* **DATASET EXTRACT**:
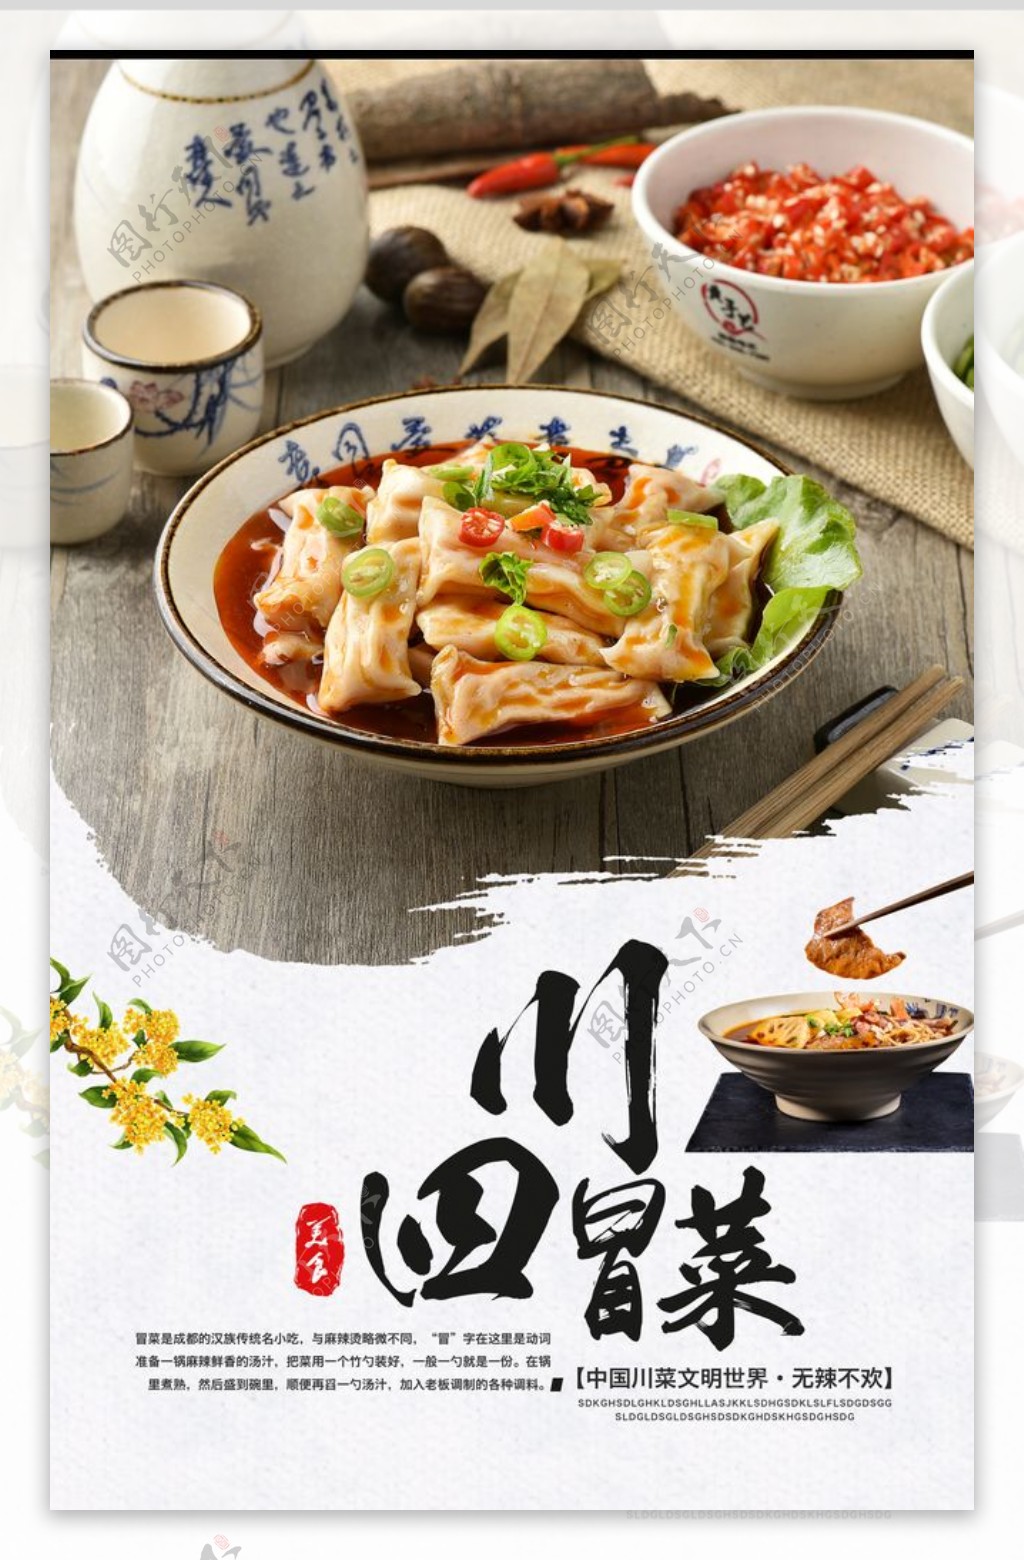 四川冒菜美食活动宣传海报图片
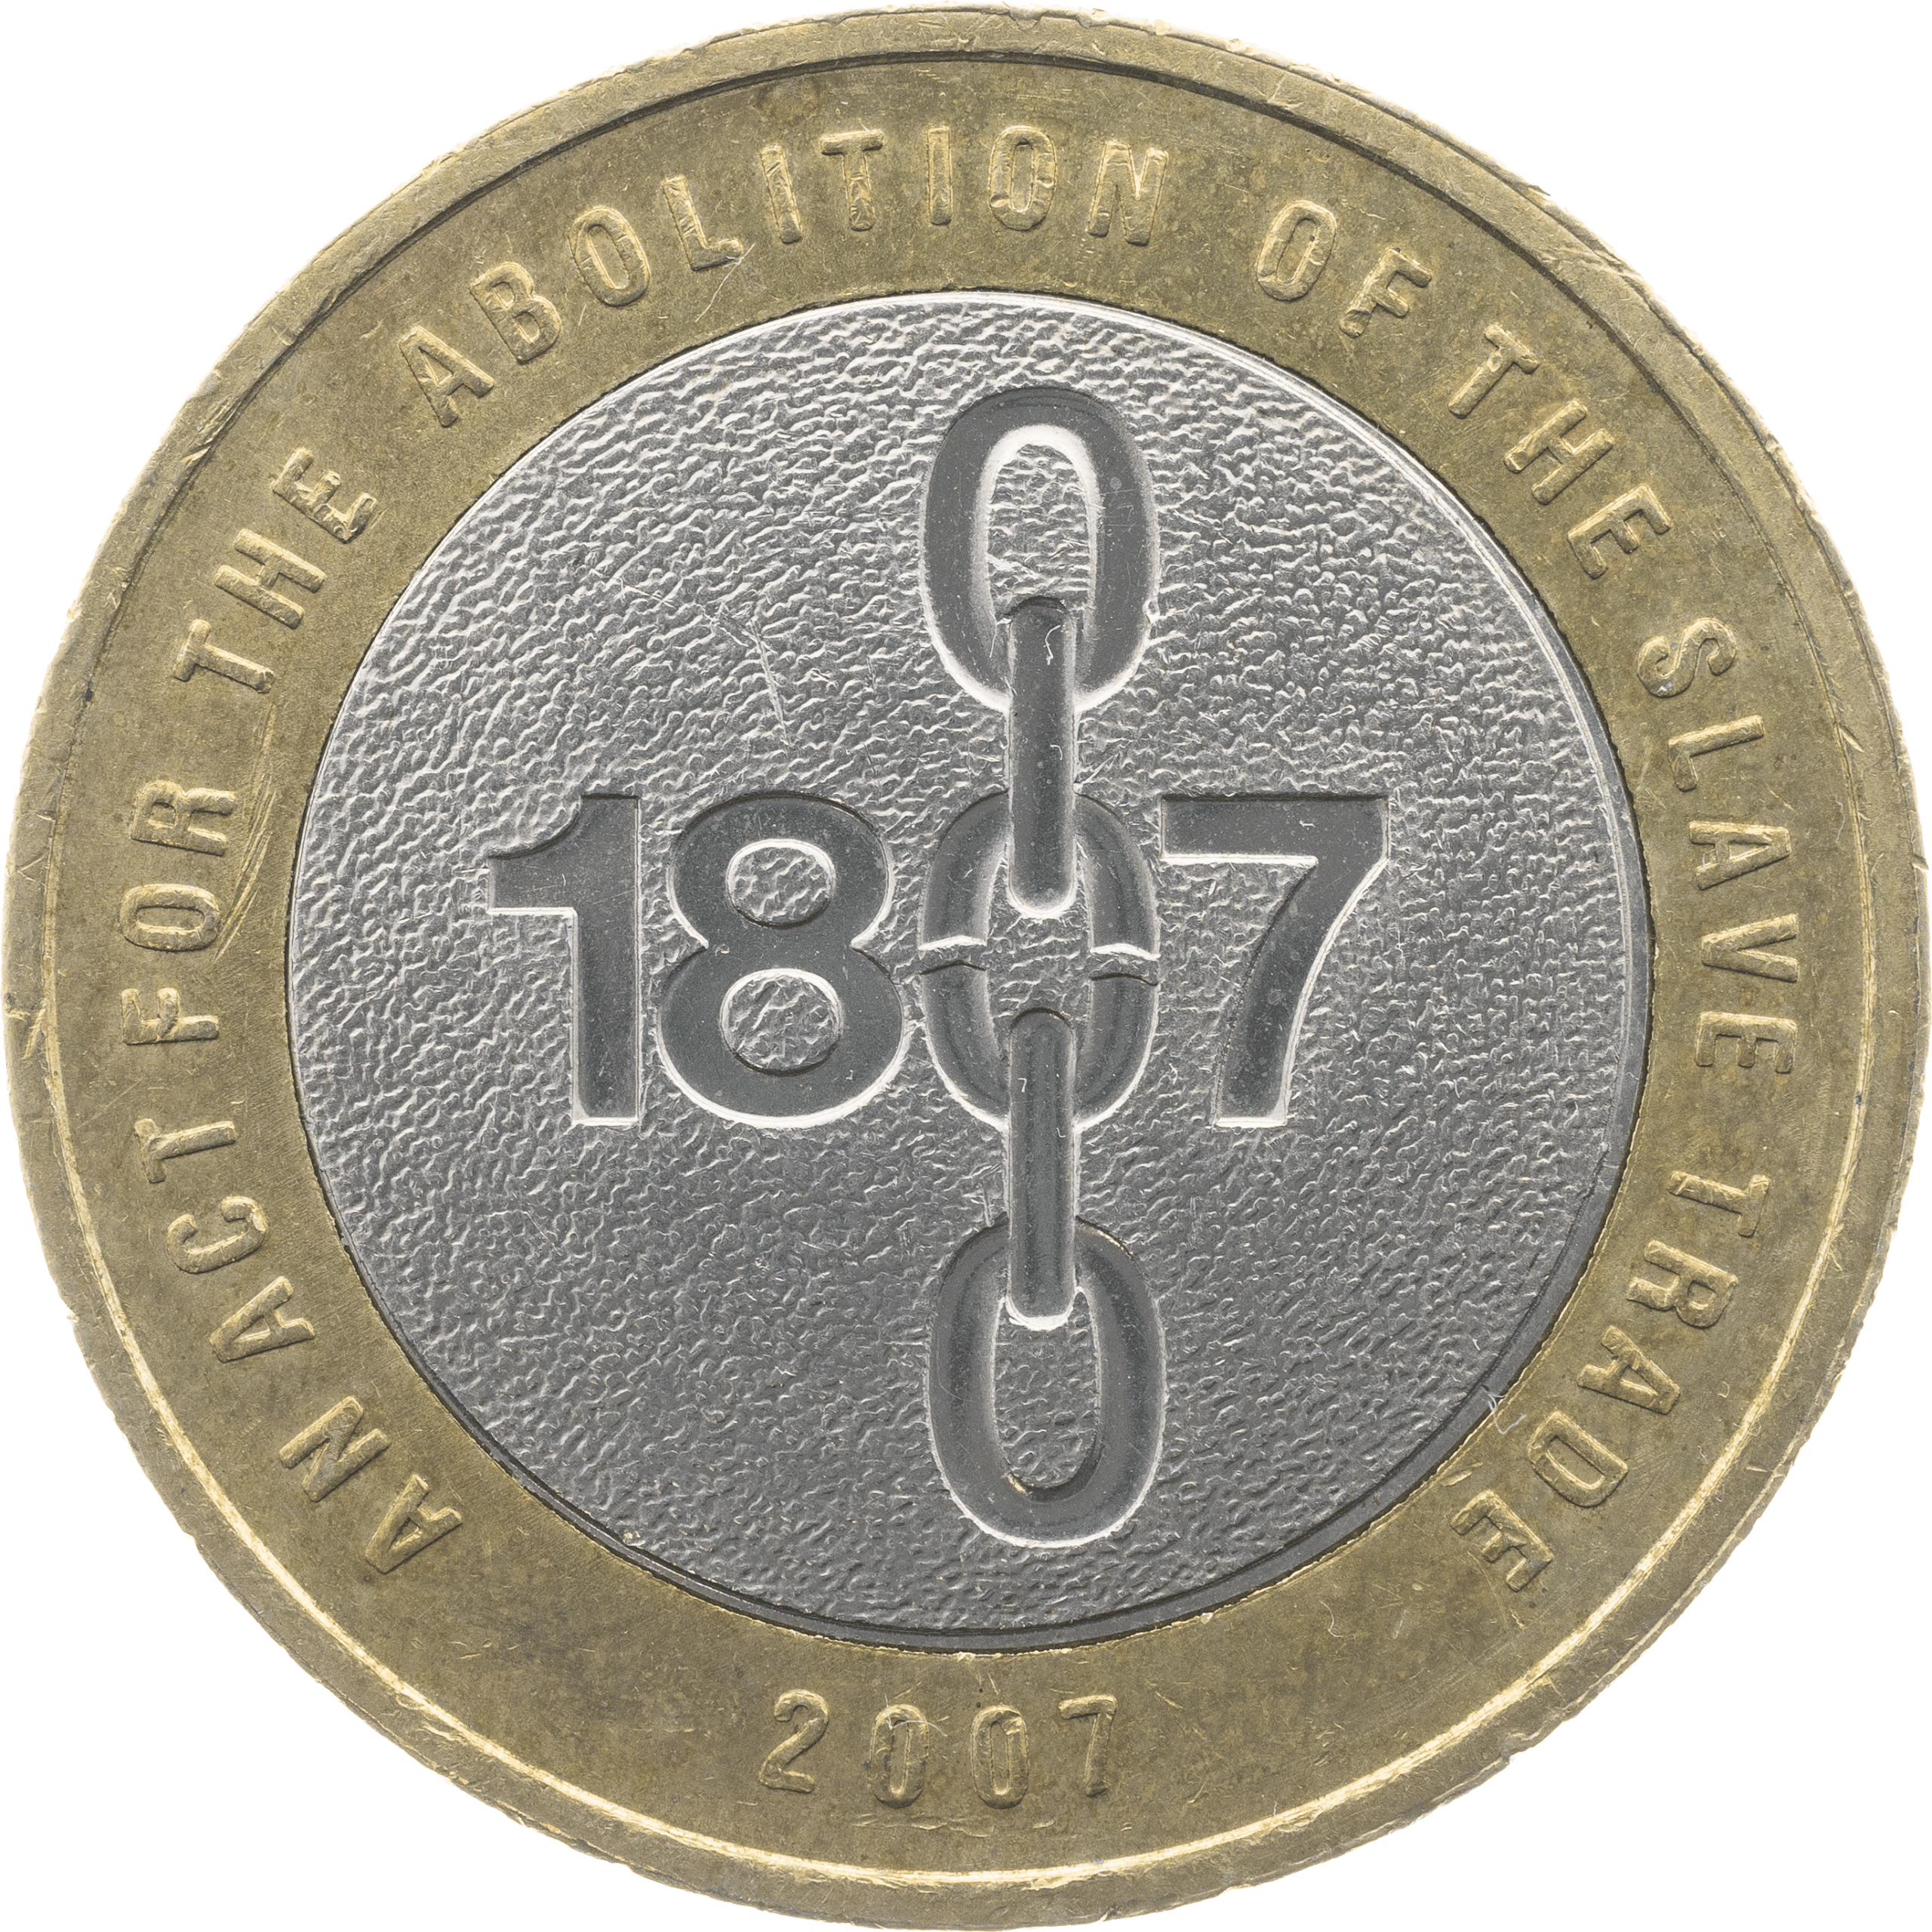 Slave Trade £2 Coin Reverse Design
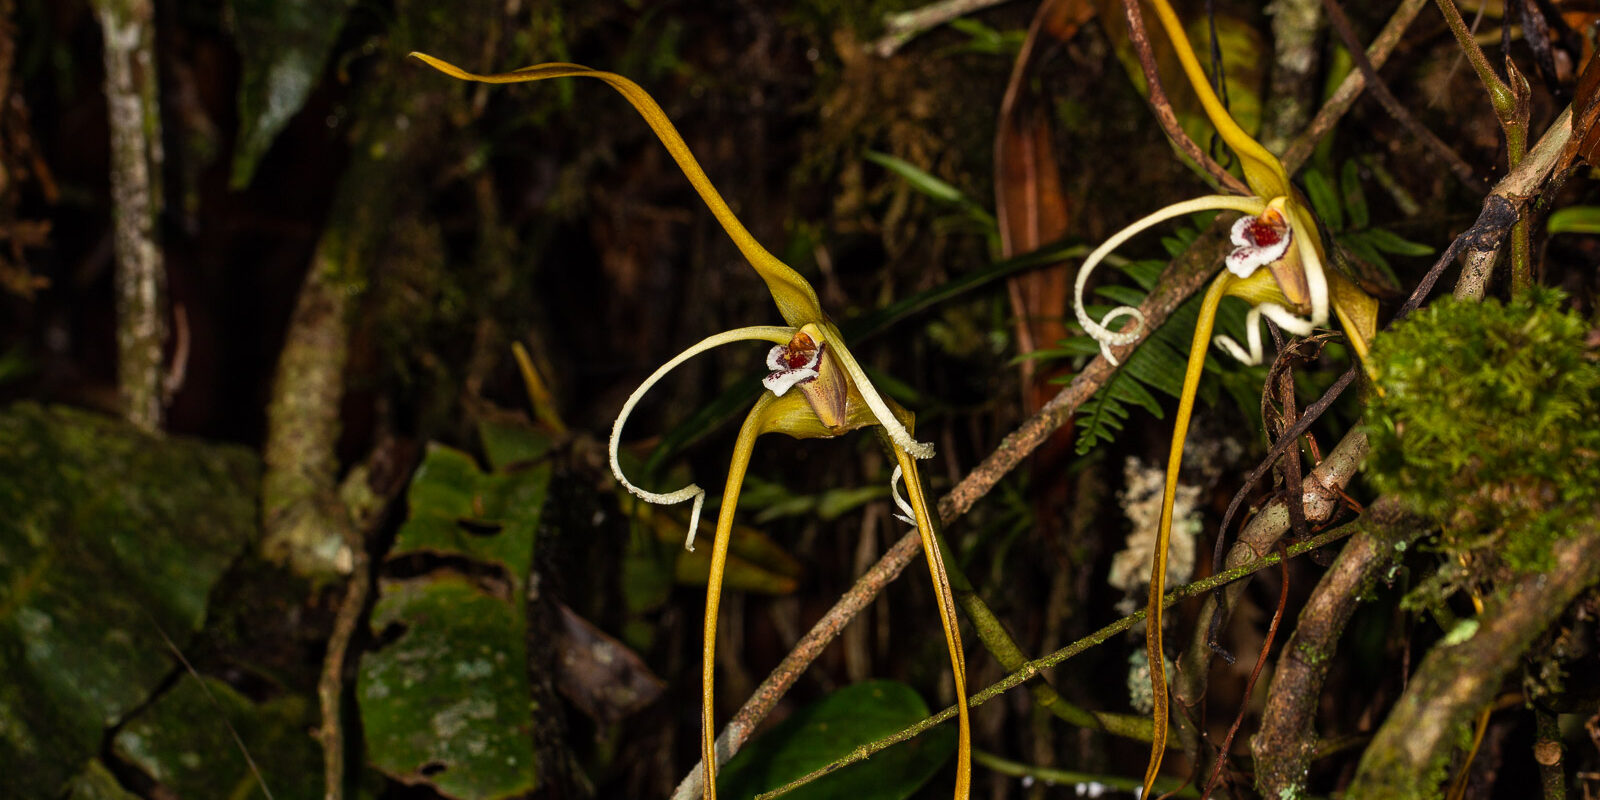 Maxillaria fractiflexa Rchb. f.

* **WORK INSTRUCTIONS**:
Strip the images and return the remaining data exactly.

* **RESULT OF THIS EXERCISE**:
 四川冒菜美食活动宣传海报图片
 Slave Trade £2 Coin Reverse Design
 Maxillaria fractiflexa Rchb. f.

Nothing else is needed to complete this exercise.